Friday, April 27, 2007

Studio Visit: Dan Dustin, Spoon Maker

On March 28, 2007, Jae and I visited Dan Dustin, spoon maker, at his home and workshop in Contoocook, NH. It was a fun, stimulating evening, and Dan had recently learned that the Currier Museum of Art in Manchester, NH, selected four of his spoons to purchase for their permanent collection, which includes impressive holdings of work by New Hampshire artisans (and happens to be the place where Jae and I first met). Congratulations again, Dan!

Next to the dining room table is the spot where Dan gives finished spoons a final rubbing of oil. As soon as he finishes eating, he can turn in his chair and pick up work, remaining social all the while.

The Dustin's collection of Personal Eating Spoons stationed in the center of the kitchen table. Dinner with Dan and his wife Missy begins with selecting which spoon you'd like to use. They feel warm and well-suited for eating stew, and every bite becomes an aesthetic experience.

Dan has many other passions besides spoon-making. From time to time, he creates truly amazing pots from fruit rinds. In my hands is one made from a watermelon rind turned inside out. How he manages this feat is a mystery to me, but the result is one of the most remarkable objects I've ever held. In the background, a group of flutes under repair lay across his desk beside the music stand -- he's also an accomplished flautist.

Created in the same way as the watermelon pot, this is an orange peel pot freshly removed from the "kiln." After turning a whole orange peel painstakingly inside out, Dan puts it in his wood stove and covers it with ash to dry.

A true aesthete, at one point during our visit Dan notices how the light is casting on Jae.
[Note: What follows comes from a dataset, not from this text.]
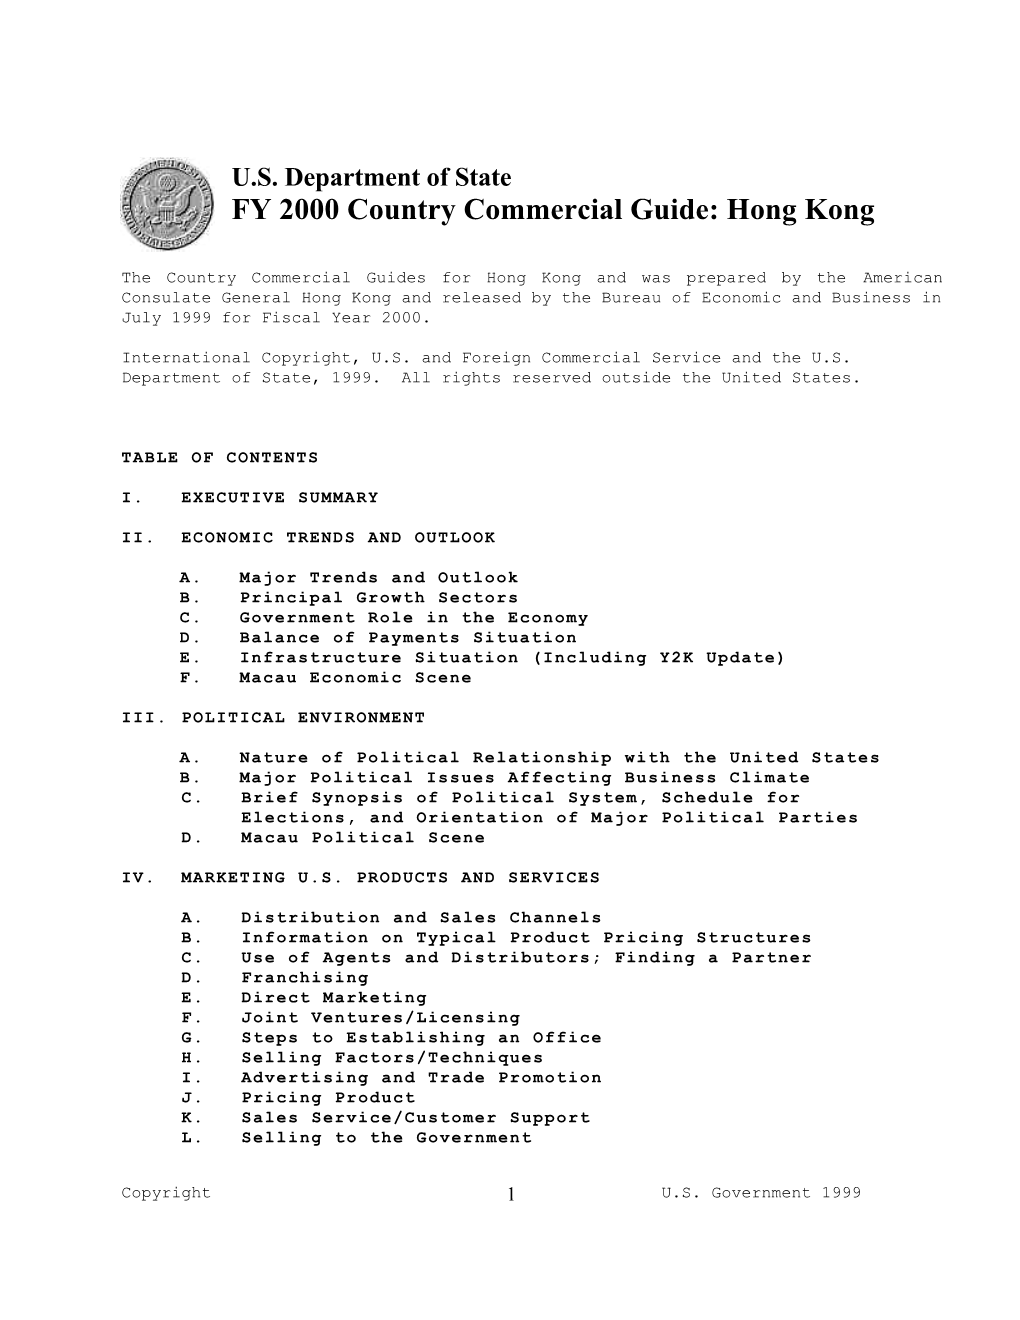 FY 2000 Country Commercial Guide: Hong Kong
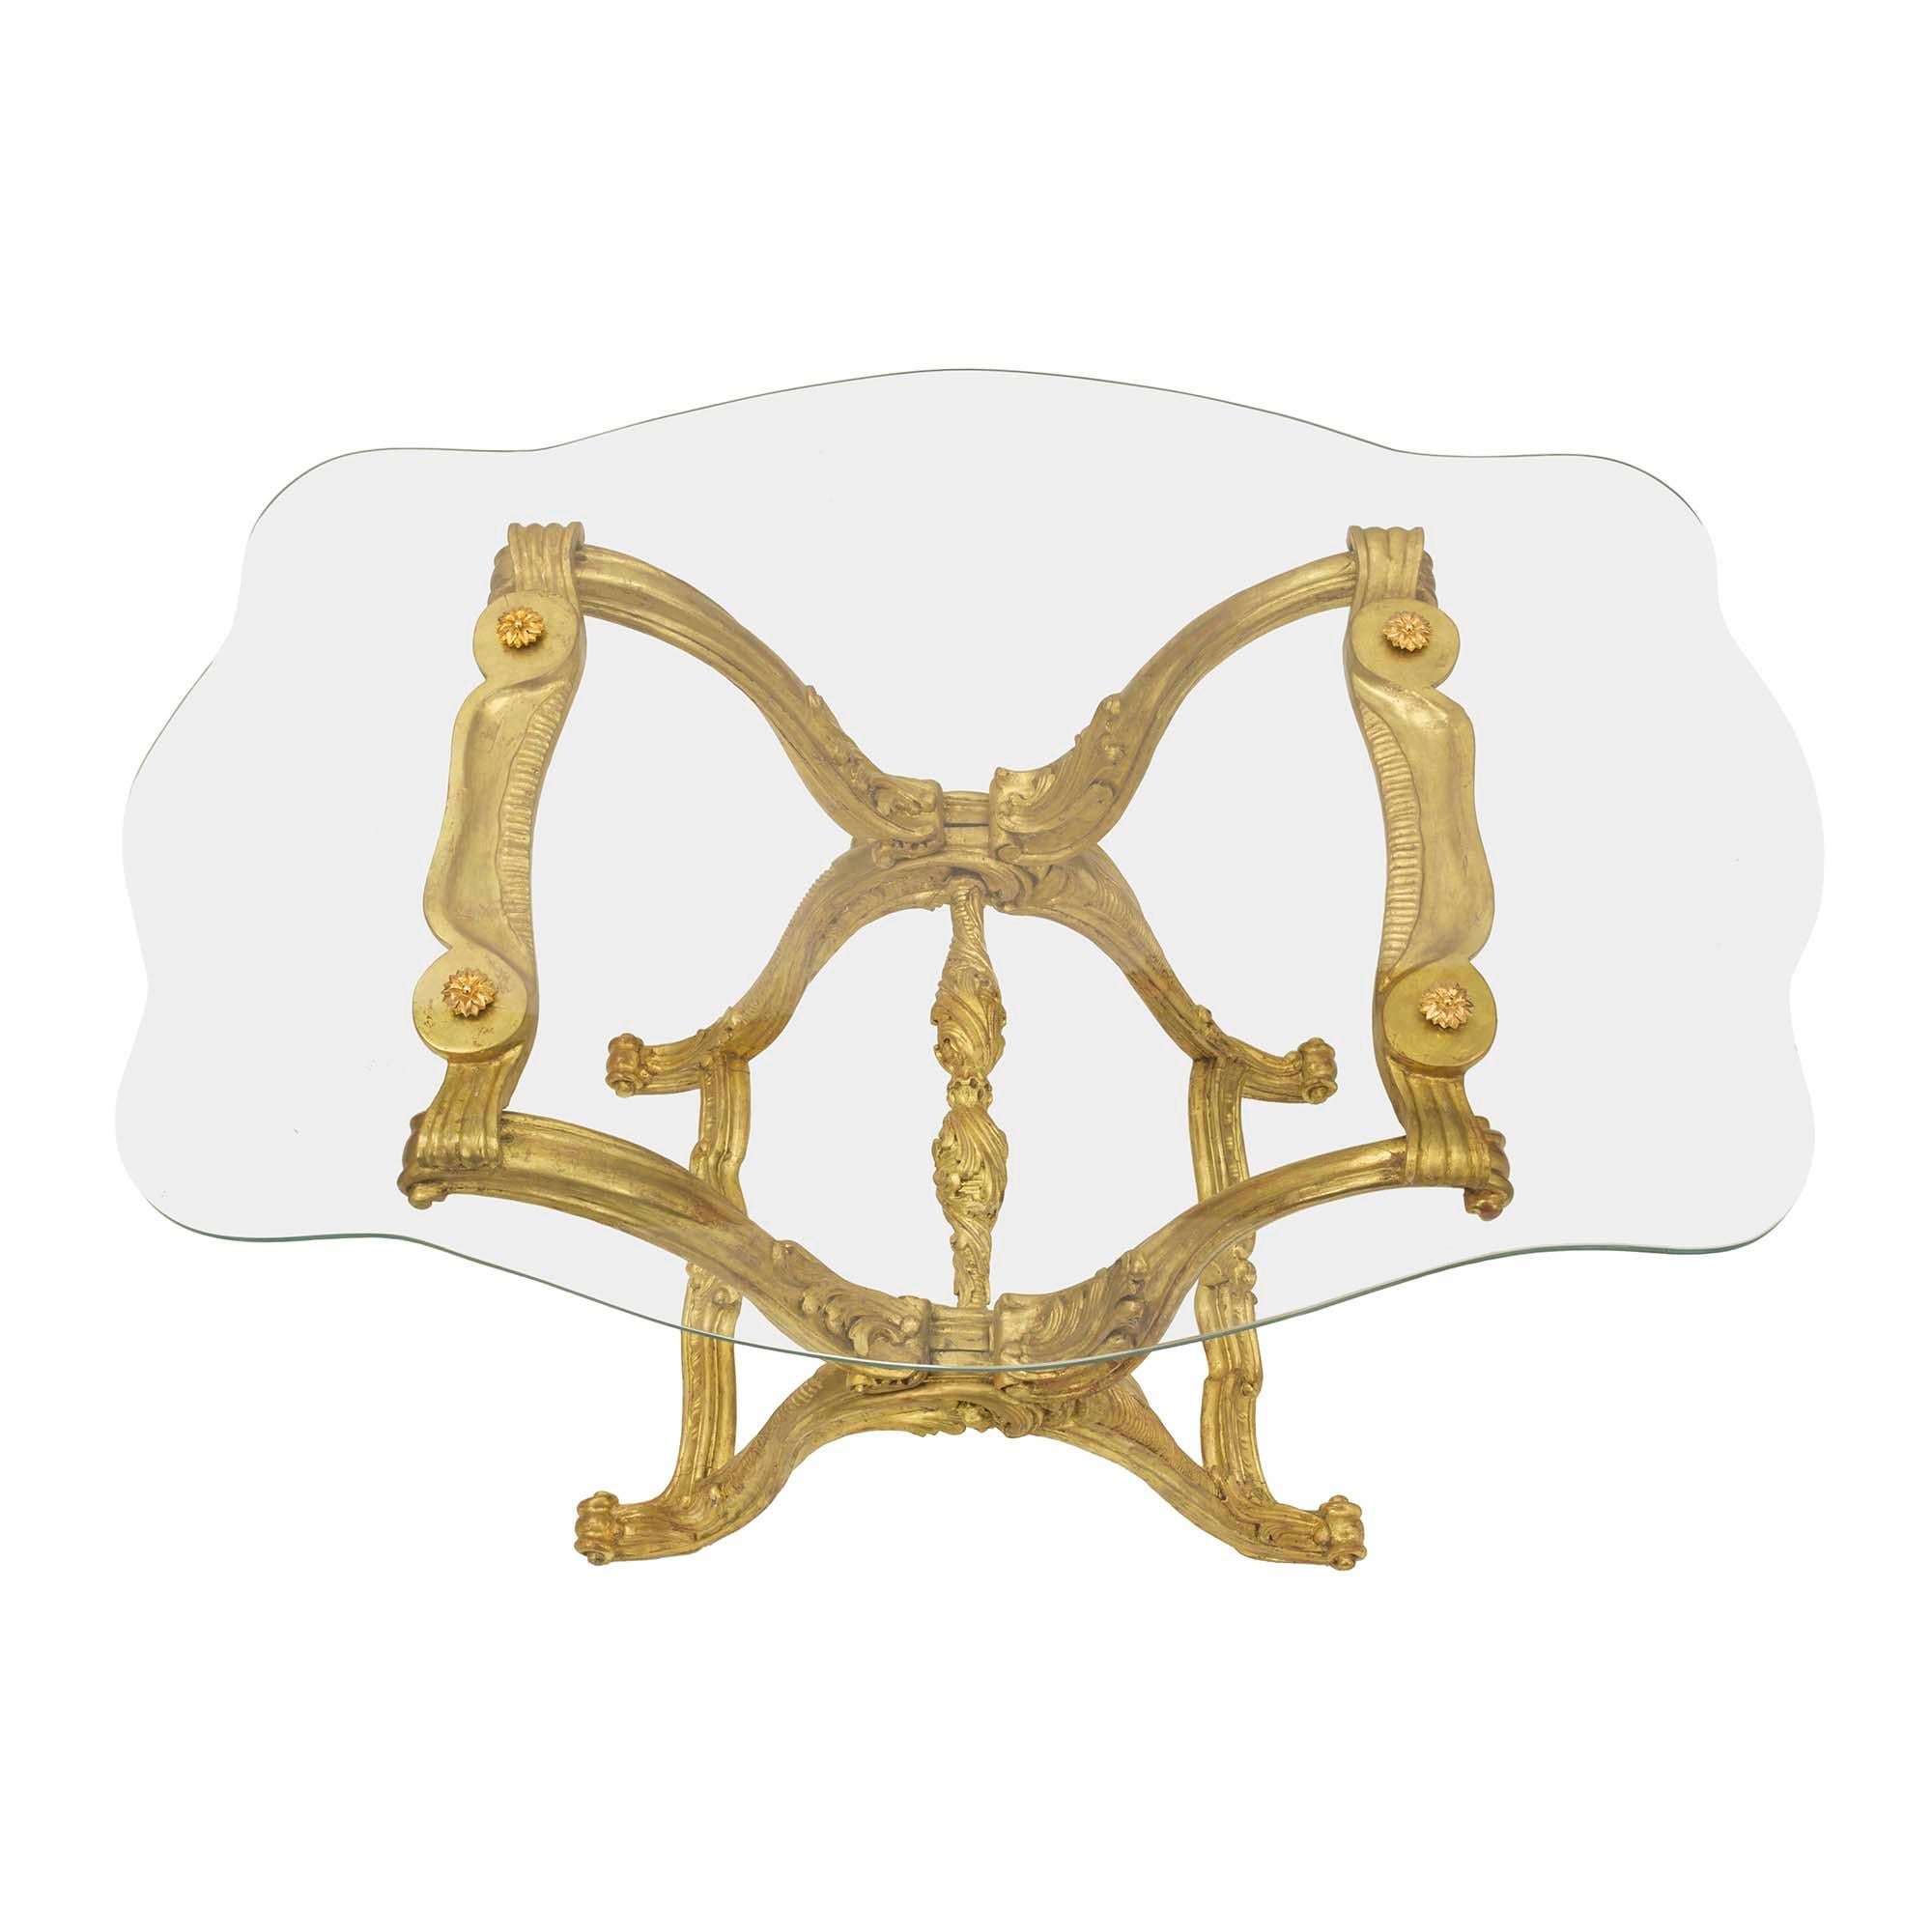 A most decorative and very unique Italian 19th century Baroque style giltwood and glass cocktail table. The table is raised by richly carved X shaped supports with striking scrolled movements and detailed carved foliate patterns and acanthus leaves

He says I should take a picture...
Downstairs in the studio/workshop, Jae selects spoons to bring back to Greenjeans. Dan reminds us that you don't pick the spoons, the spoons pick you, so we handle them and use our instincts to make selections.

When Dan was young, he would see objects like this in the workshops of "old timers," and wonder if he could ever work on a surface so much as to create such handprints of labor. Today, Dan uses this surface to carve against and split wood into spoons. I don't know the name for it, but this is his third.

Behind the work surface lies a pool of splinters from forming spoons.

During my last visit in late 2006, photographer Clive Russ was also there taking photographs of Dan and his work. This is downstairs in the studio/workshop.

Jae admires the finished products while Dan finishes more spoons.

Thank you, Dan and Missy, for your hospitality and for the marvelous visit!


Mary Anne Davis said...

I have been thinking a lot about spoons this weekend. Perfect for serving tapinade in a smallish dish. Nice post. Dan seems very cool. Lucky us you found him and are putting him the world. Thanks, Amy!

Anonymous said...

Another talent of Dan's is playing a shotgun, yes, a shotgun, as a musical instrument. A Contoocook neighbor.

Timanager said...

I enjoyed your post! I visited Dan in his cabin back in 1980… conditions were primitive and he liked it that way. His spoons were remarkable then - and I can only imagine they're even more special now.